* TASK ITEM
Restate each of the lines below word for word and drop every picture.

---------- DATA PROVIDED

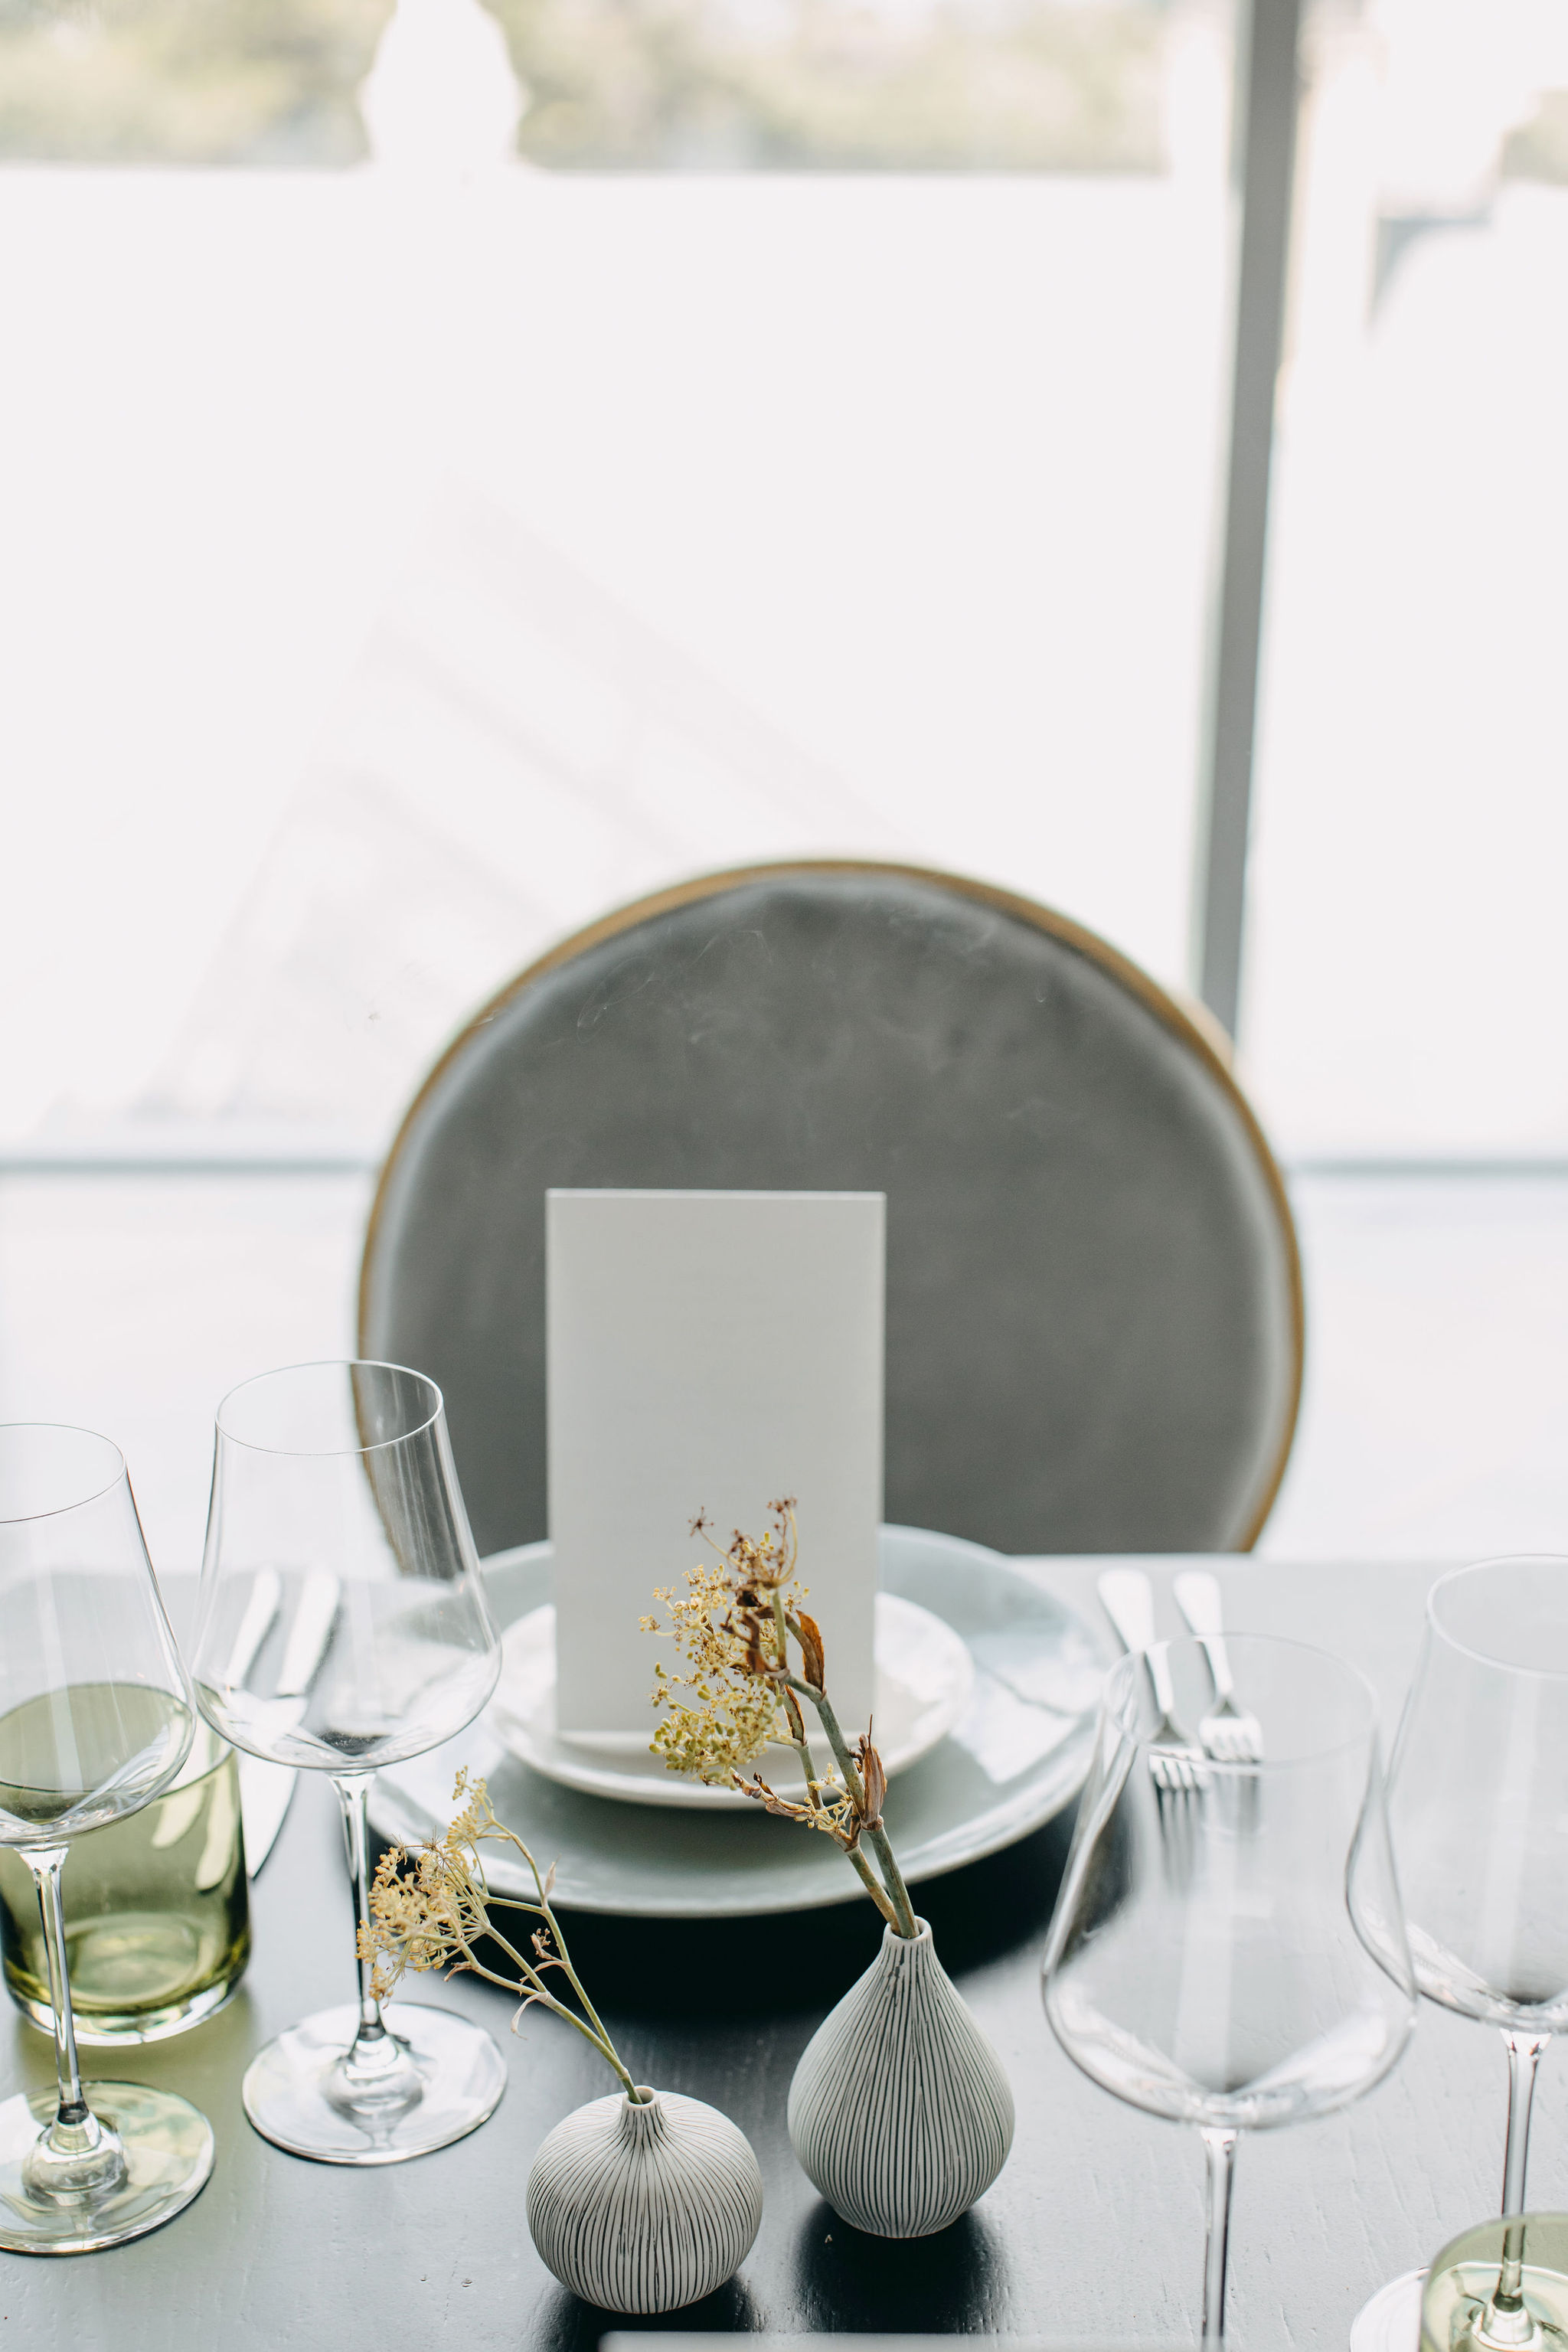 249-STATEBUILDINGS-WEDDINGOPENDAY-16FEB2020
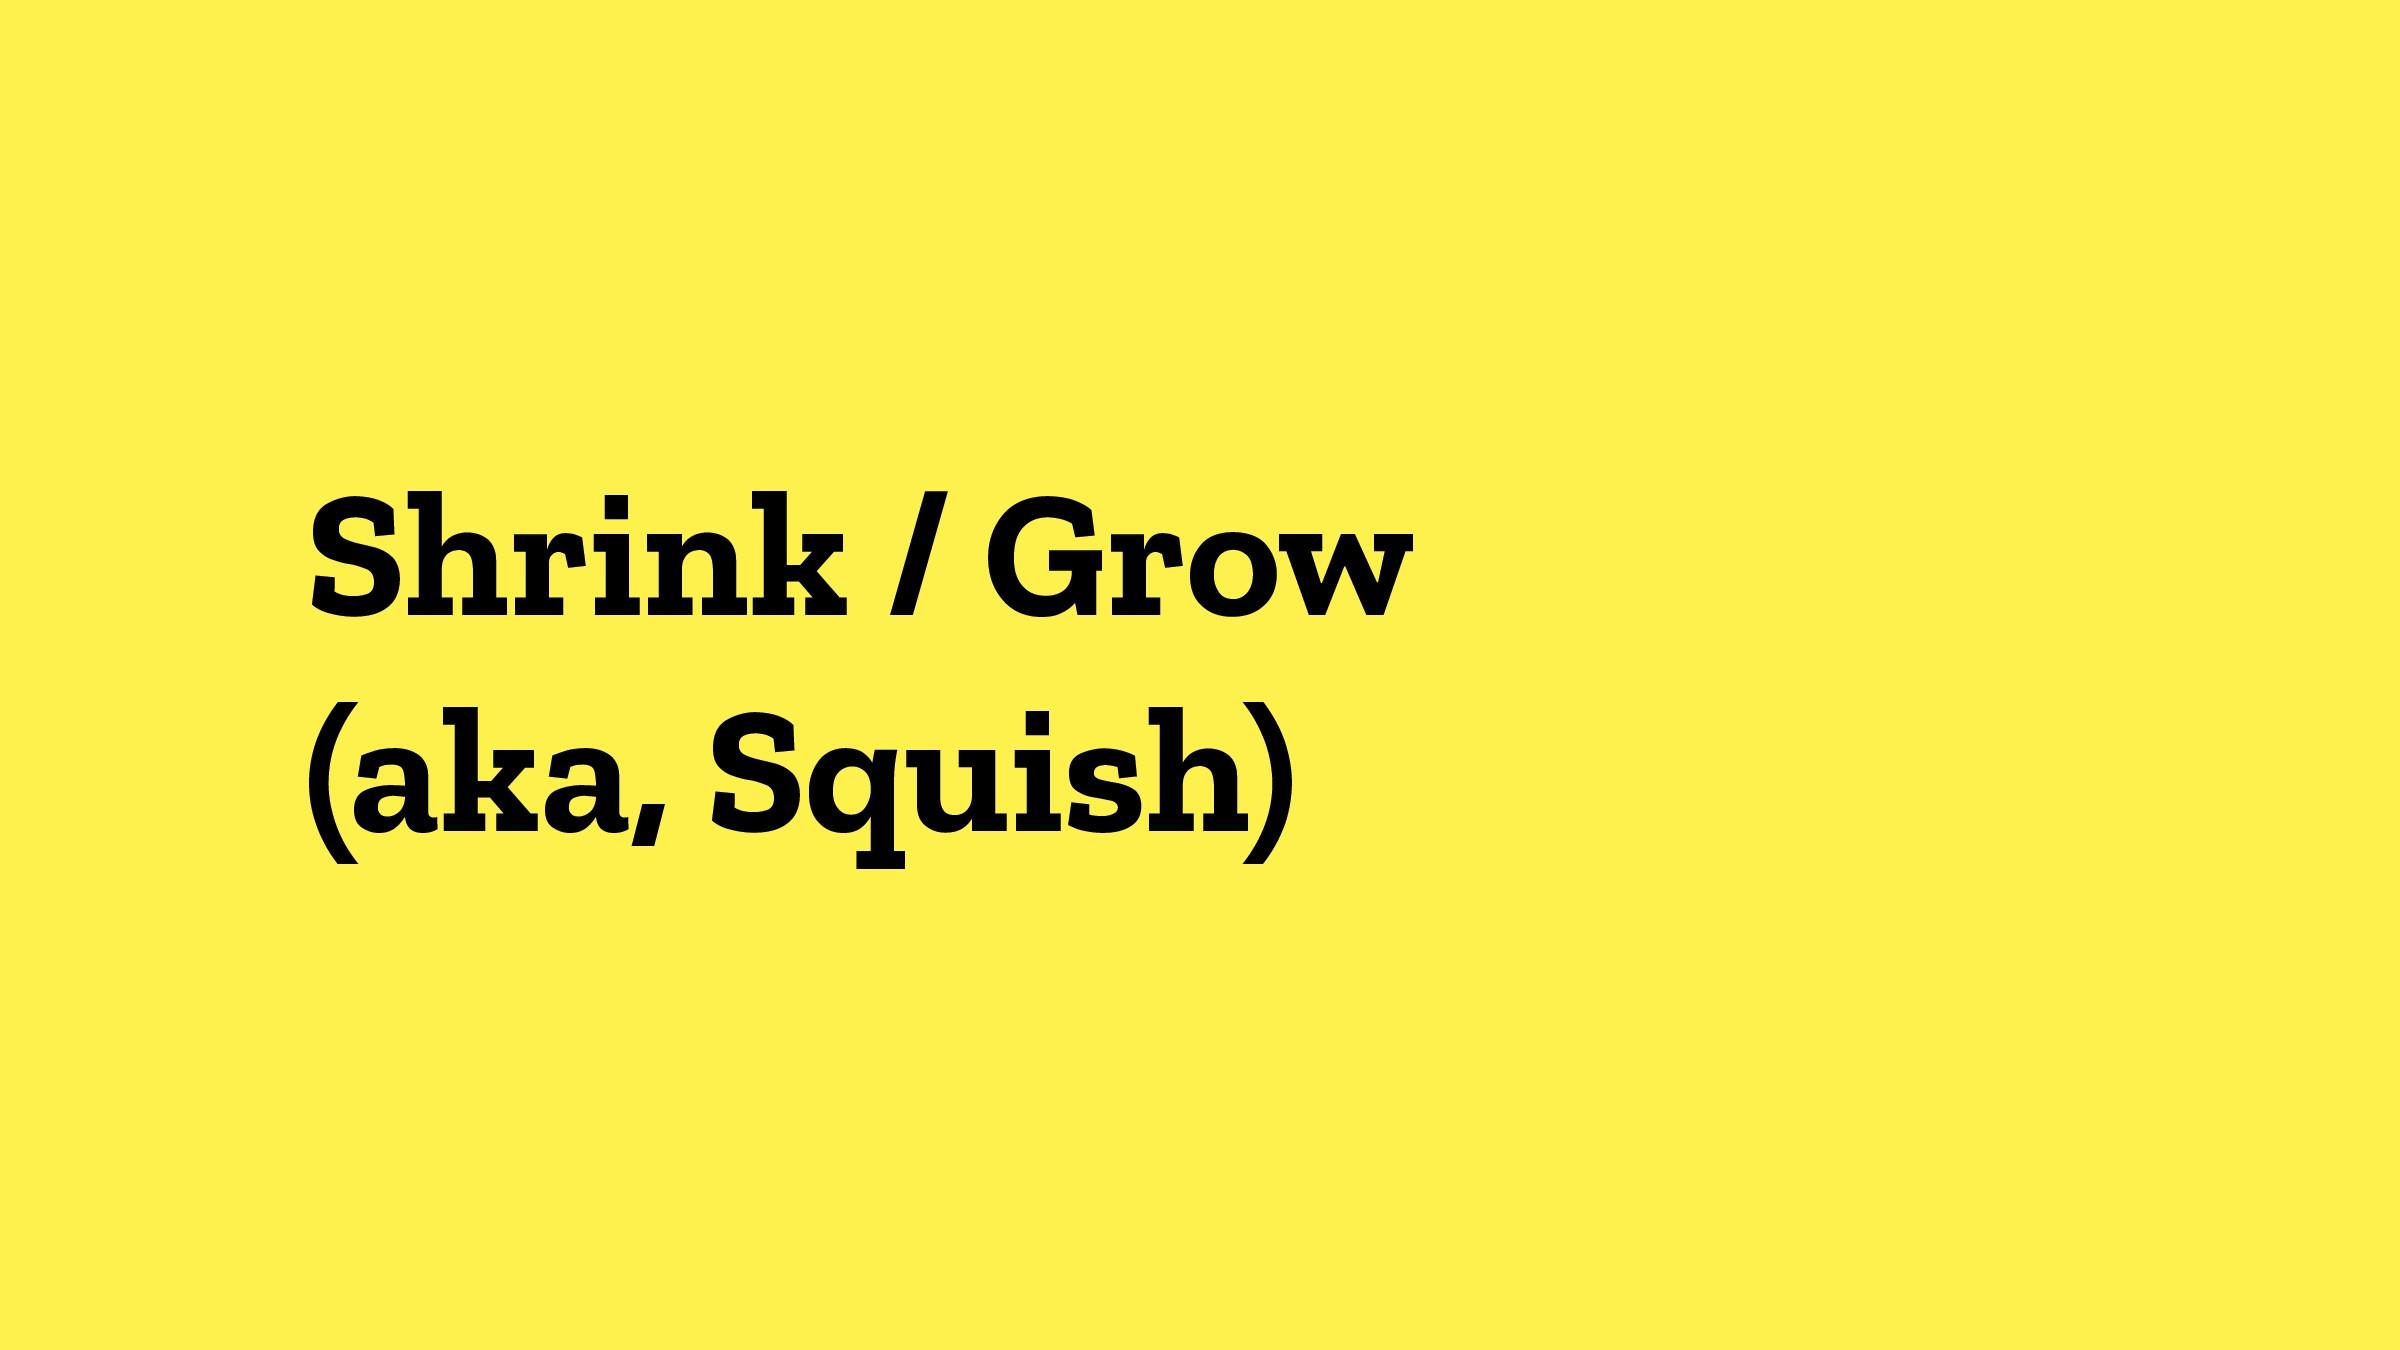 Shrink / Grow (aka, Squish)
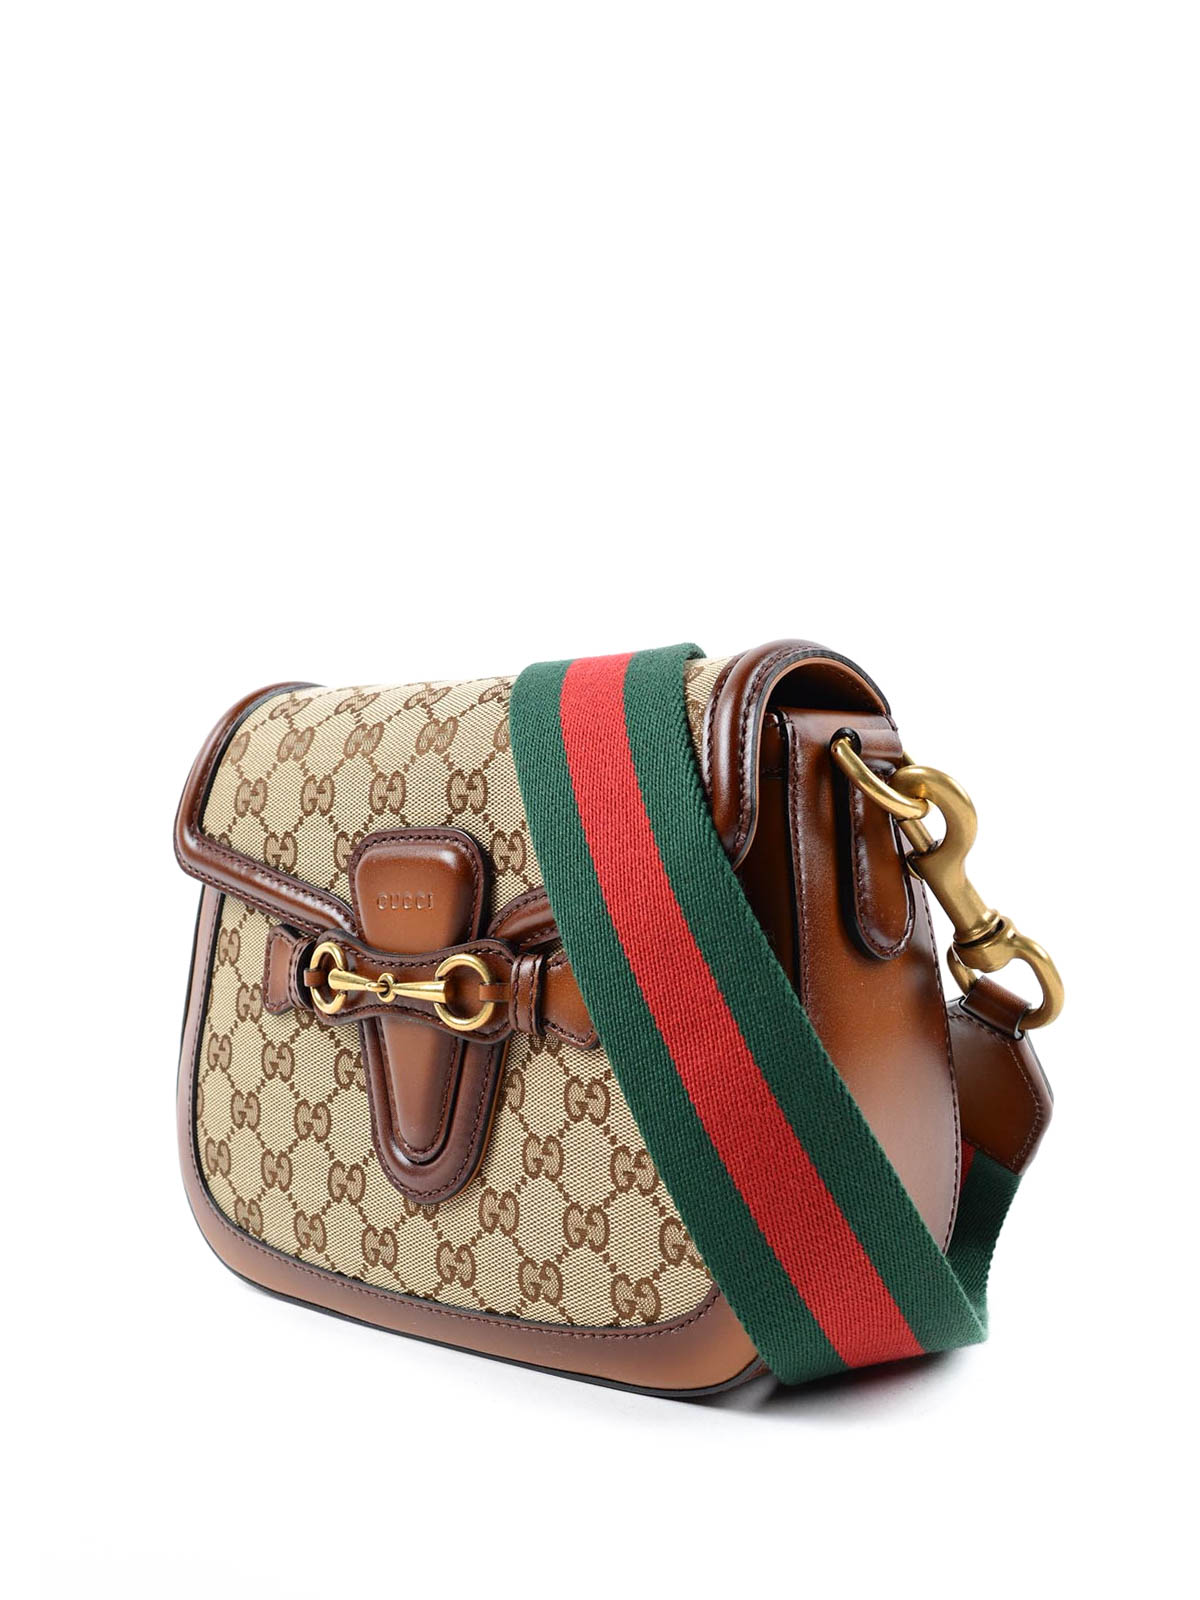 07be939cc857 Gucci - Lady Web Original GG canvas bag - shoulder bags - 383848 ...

--------------------

* EXERCISE OUTPUT
 249-STATEBUILDINGS-WEDDINGOPENDAY-16FEB2020
 Shrink / Grow (aka, Squish)
 07be939cc857 Gucci - Lady Web Original GG canvas bag - shoulder bags - 383848 ...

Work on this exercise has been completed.